Flock of ancient ‘butterfly headed’ flying reptiles discovered

An ancient flying reptile with a bizarre, butterfly-like head has been unearthed in Brazil. The new-found reptile species, Caiuajara dobruskii—a type of flying reptile known as a pterosaur—lived about 80 million years ago in an ancient desert oasis. The beast sported a strange bony crest on its head that looked like the wings of a butterfly, and had the wingspan needed to take flight at a very young age. Hundreds of fossils from the reptile were unearthed in a single bone bed, providing the strongest evidence yet that the flying reptiles were social animals, said study co-author Alexander Kellner, a palaeontologist at the National Museum at the Federal University of Rio de Janeiro.

This helps us to have a glimpse on the anatomical variation achieved by this species from young to old.
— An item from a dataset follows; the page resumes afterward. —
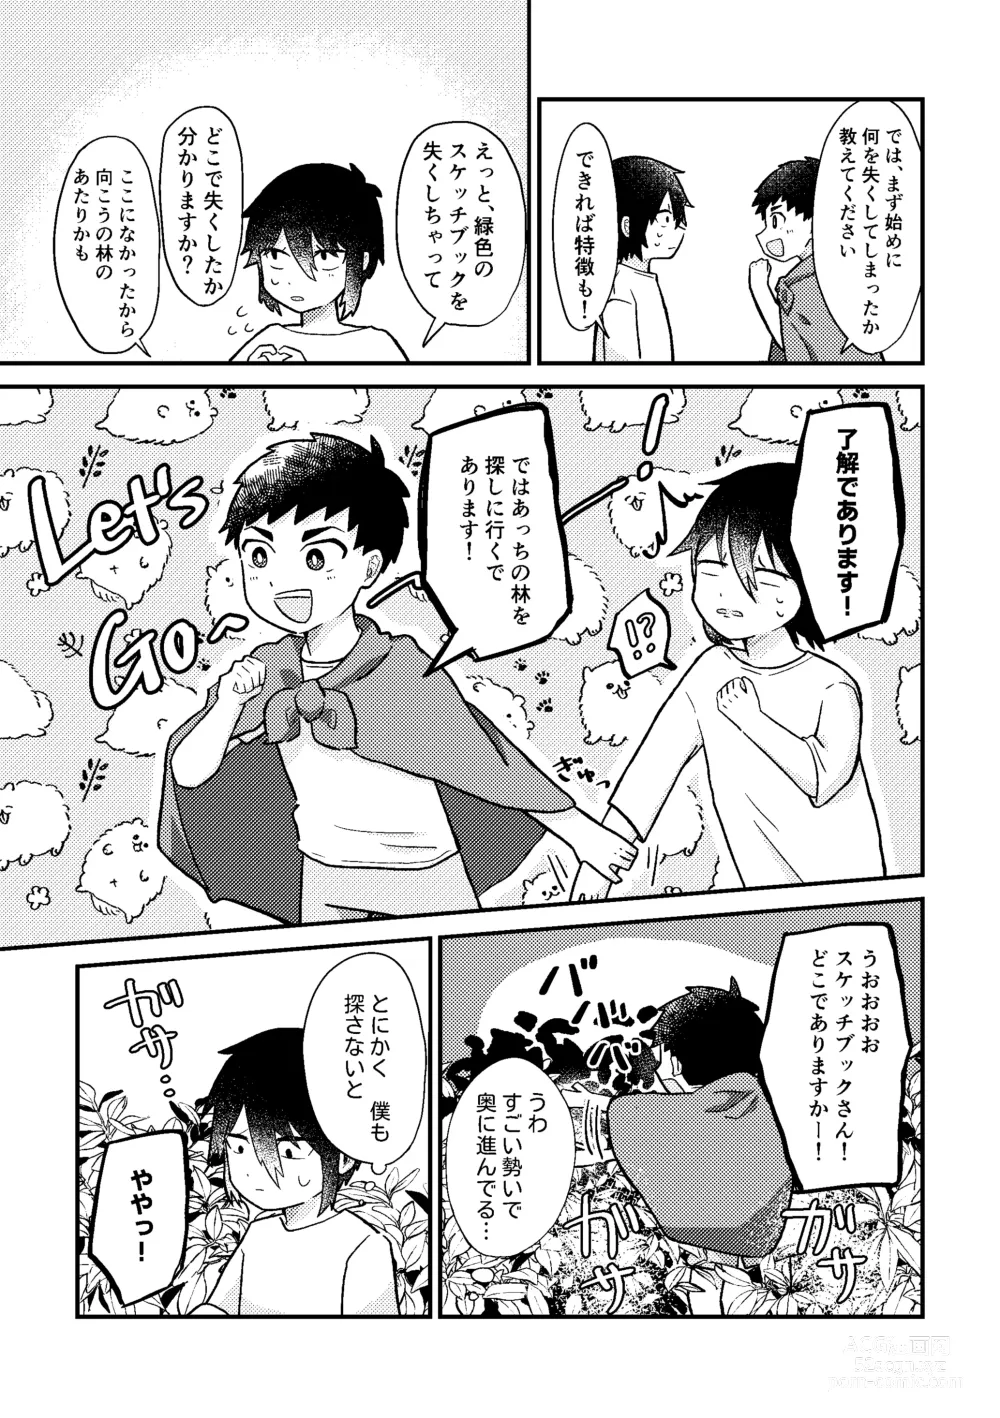 Page 10 of doujinshi Saigo no Natsuyasumi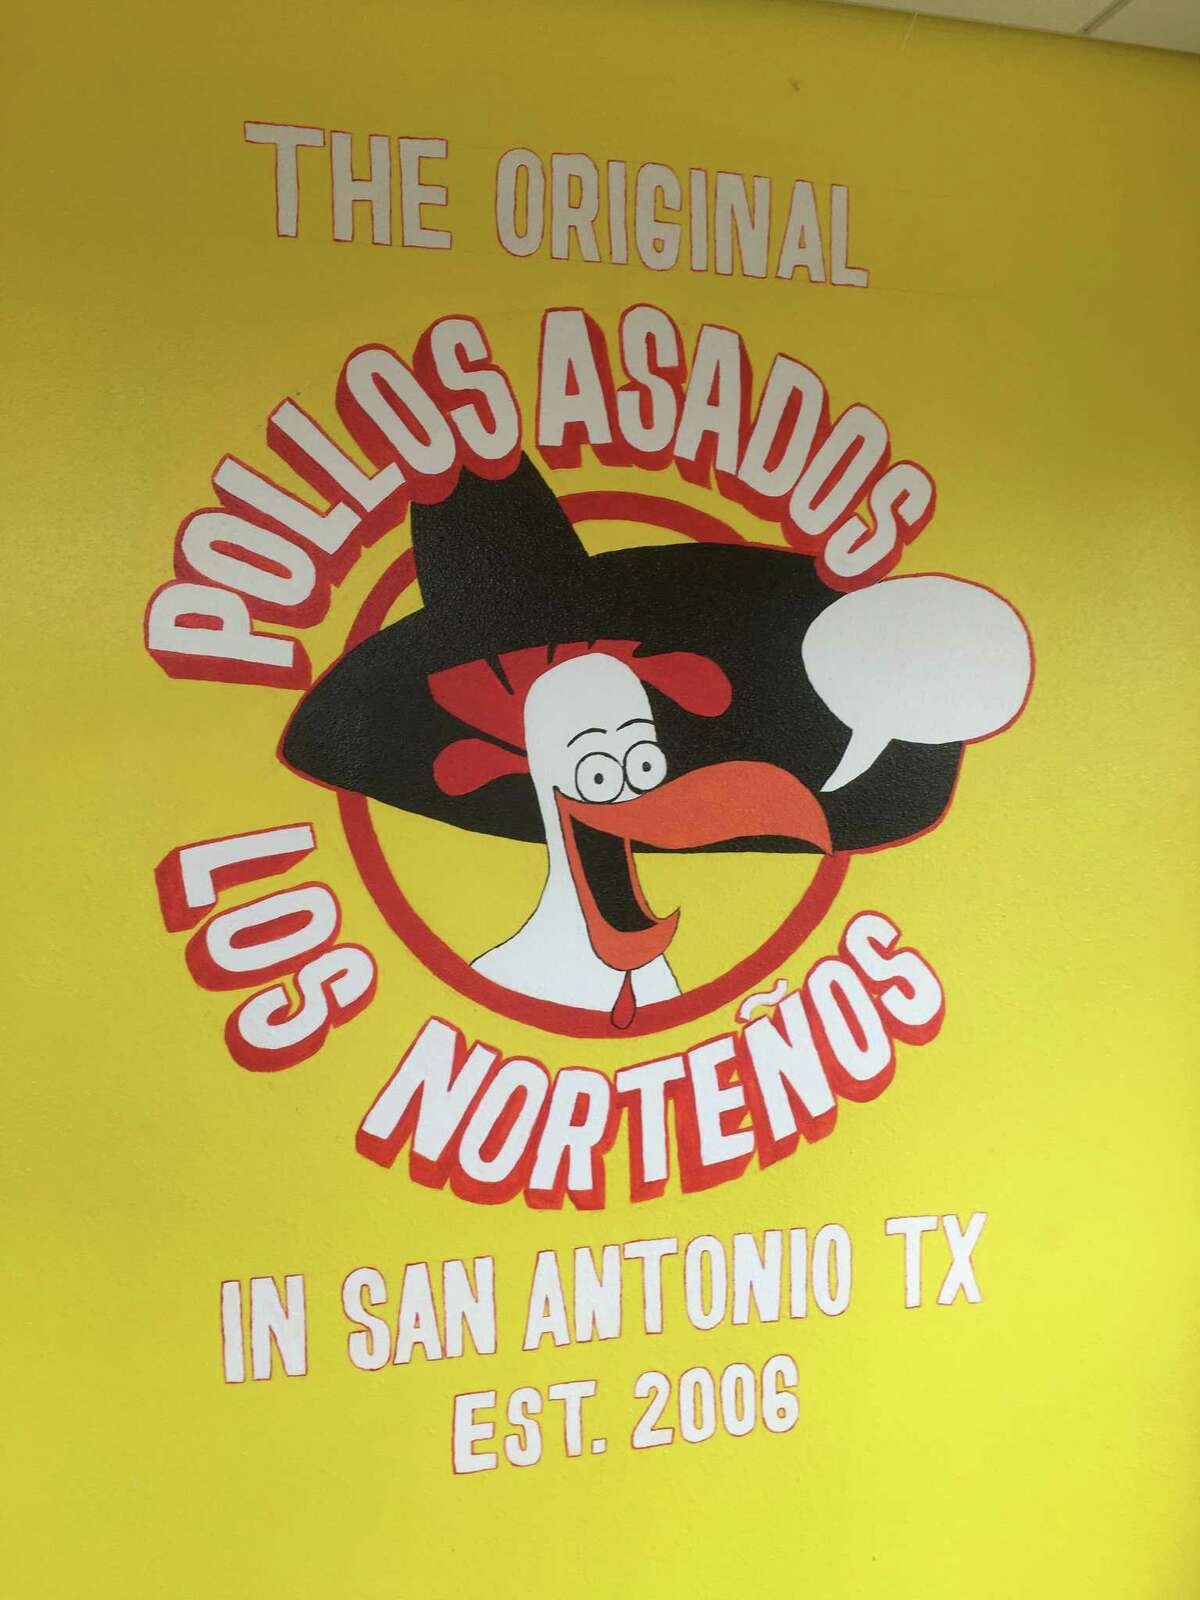 Pollos Asados Los Norteños poised to open second San Antonio location ...

Alexander Kellner, a palaeontologist with Brazil’s National Museum at the Federal University of Rio de Janeiro

These pterosaurs, whose wingspans measured up to nearly 2.35 metres, inhabited a lakeside oasis in a large desert region during the Cretaceous Period, living in vibrant colonies with others of the same species of all ages. Pterosaurs were Earth’s first flying vertebrates, with birds and bats making their appearances much later. They thrived from about 220 million years ago to 65 million years ago, when they were wiped out by the asteroid that also doomed the dinosaurs.